I can't think of a lone developer whose catalog I would pay a subscription fee to play-not even Blizzard!


This weekend, I was watching the latest segment of Game Trailers' always-delightful Bonus Round, and Shacknews' Garnett Lee floated an idea that I thought was interesting: What if, when Sony's handheld Vita launches, Sony makes the console's entire library available digitally for a flat subscription fee?

What if, indeed? One of the primary challenges facing the Vita (and the Nintendo 3DS) is that mobile gamers are becoming increasingly used to the $1-$10 price point hit by most games in Apple's App Store. But if Sony announced that for, say, $10 or $20 a month, players could have access to all of the Vita's games, I would sign up for in a heartbeat. It's not so outlandish—given that Sony seems to be pushing their games into digital release very shortly after publishing them (for example, Sony just put Ratchet & Clank: All 4 One on the PlayStation Store as a full digital download, mere weeks after its release), it's within the realm of possibility that they could begin to offer some sort of subscription package, too.

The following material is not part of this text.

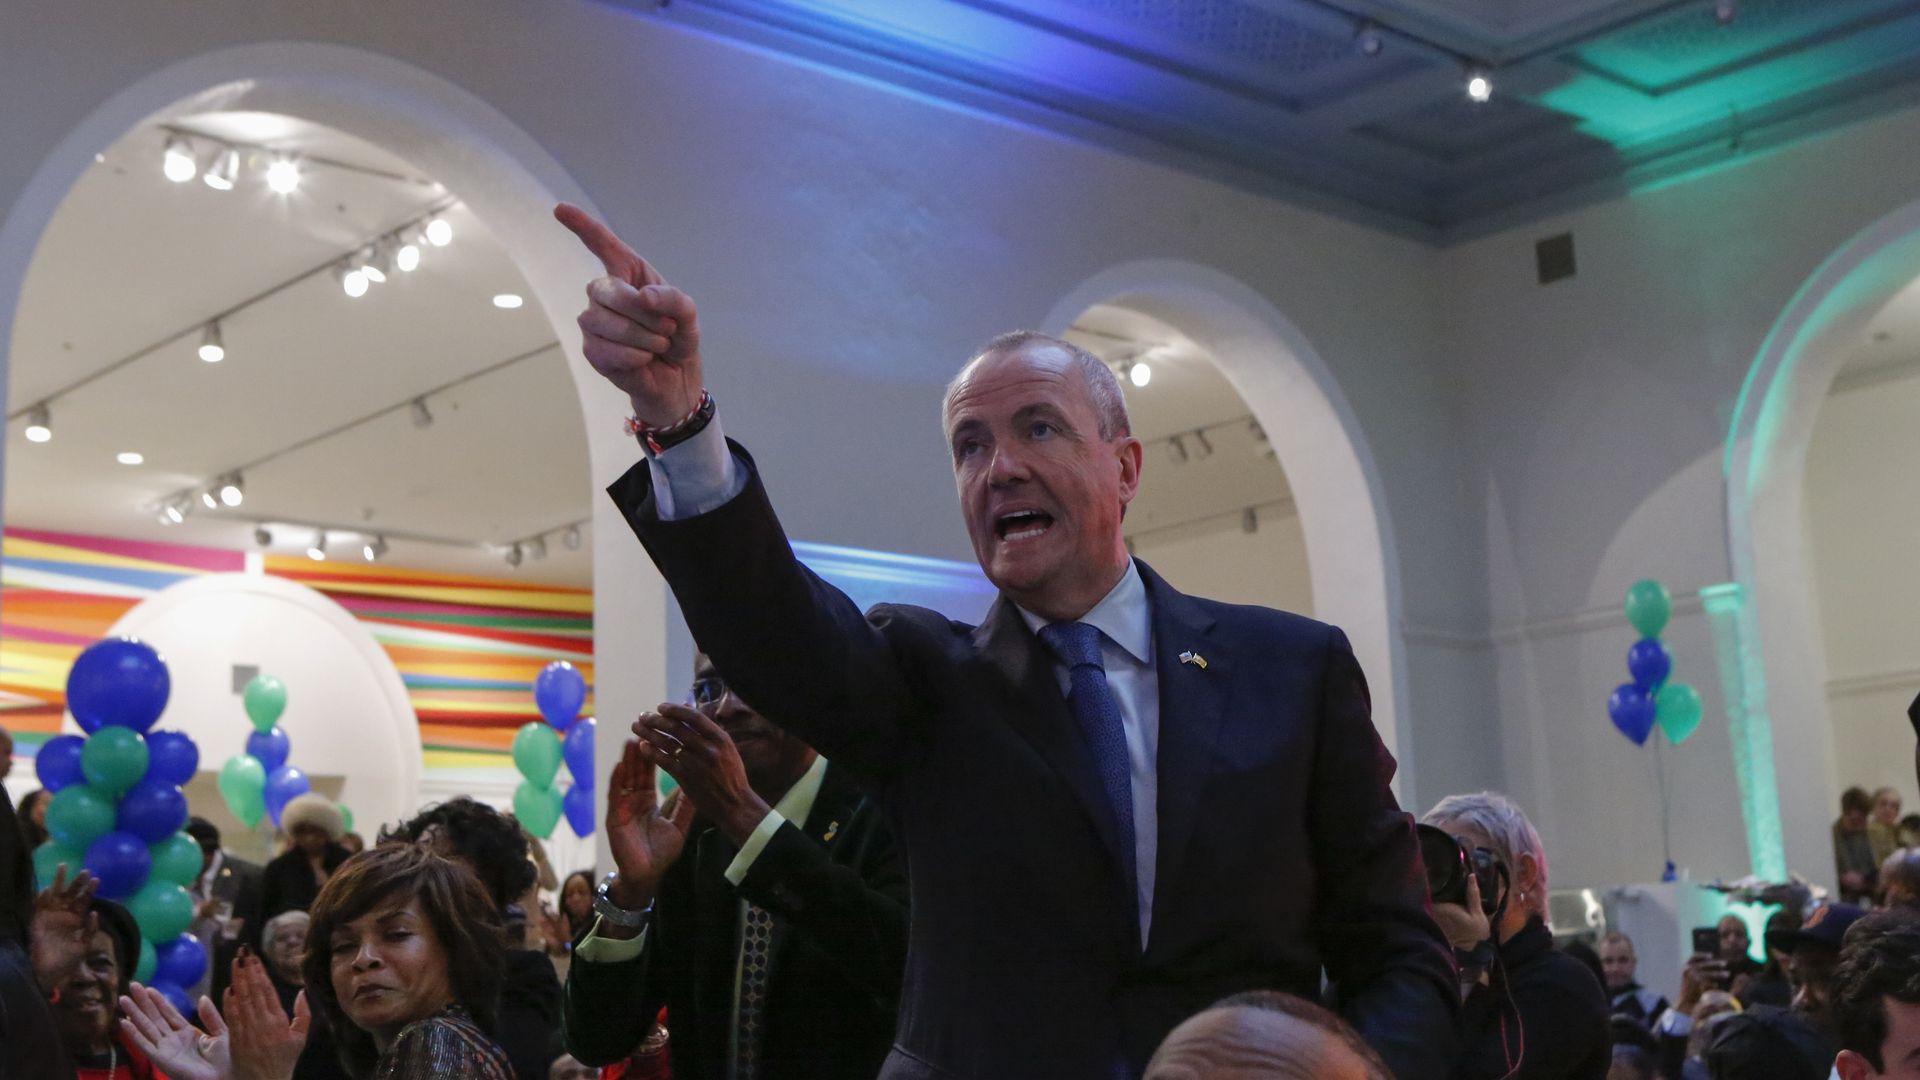  New Jersey Governor elect Phil Murphy attends The Inaugural Kickoff at the Newark Museum on January 12, 2018 in Newark, New Jersey. (Photo by Kena Betancur/VIEWpress/Corbis via Getty Images)

All this prognosticating makes me think about what it would take to make me pony up for a subscription to a gaming service. I think that more than anything, the service would have to include every game possible, or at least every game on a given platform. It's not enough to have each subscription be tied to a different developer a la Big Fish Games. I can't think of a lone developer whose catalog I would pay a subscription fee to play-not even Blizzard!


When it comes to content, half-measures aren't appealing, either. Onlive's $9.99 subscription gets you access to a whole bunch of games, but not everything in their catalog. Most of the highest profile games are only available for rent or purchase (new games tend to run $49.99). The GameGadget that we reported on earlier this week sounds interesting, but we don't have enough information to know whether it's going to be viable.


A required internet connection would be also a deal-breaker for any theoretical subscription model—one way or another, I'd have to be able to download the game to my system and play it anywhere. And maybe this goes without saying, but the service would need to work smoothly, all the time.


1) Comprehensive

2) Allows for offline play

3) Isn't a pain in the ass to use

A digital game subscription service that met those criteria would be tempting. iOS devices and the Vita could both theoretically allow for this kind of thing. Will we see something like that with the Vita? Seems doubtful. Would it be nice? Absolutely.


There's an argument to be made that in many ways, Valve's phenomenally popular PC game distribution service Steam is already a rental service—we pay to play the games, but due to Steam's copy-protection, they're never truly ours. Regardless of how you see that particular argument, Steam illustrates how close we really are to the reality of a subscription-based service that meets the criteria above. Steam is comprehensive, allows for offline play, and it works very well. What if we could just pay $20 a month to play every Steam game?

That too may never come to pass, but sooner or later, someone's going to sell me on a service in the same way that Spotify has sold me on subscription music services. When they do, I'll give subscription gaming a shot.


But that's just me. What would it take for you to take the plunge?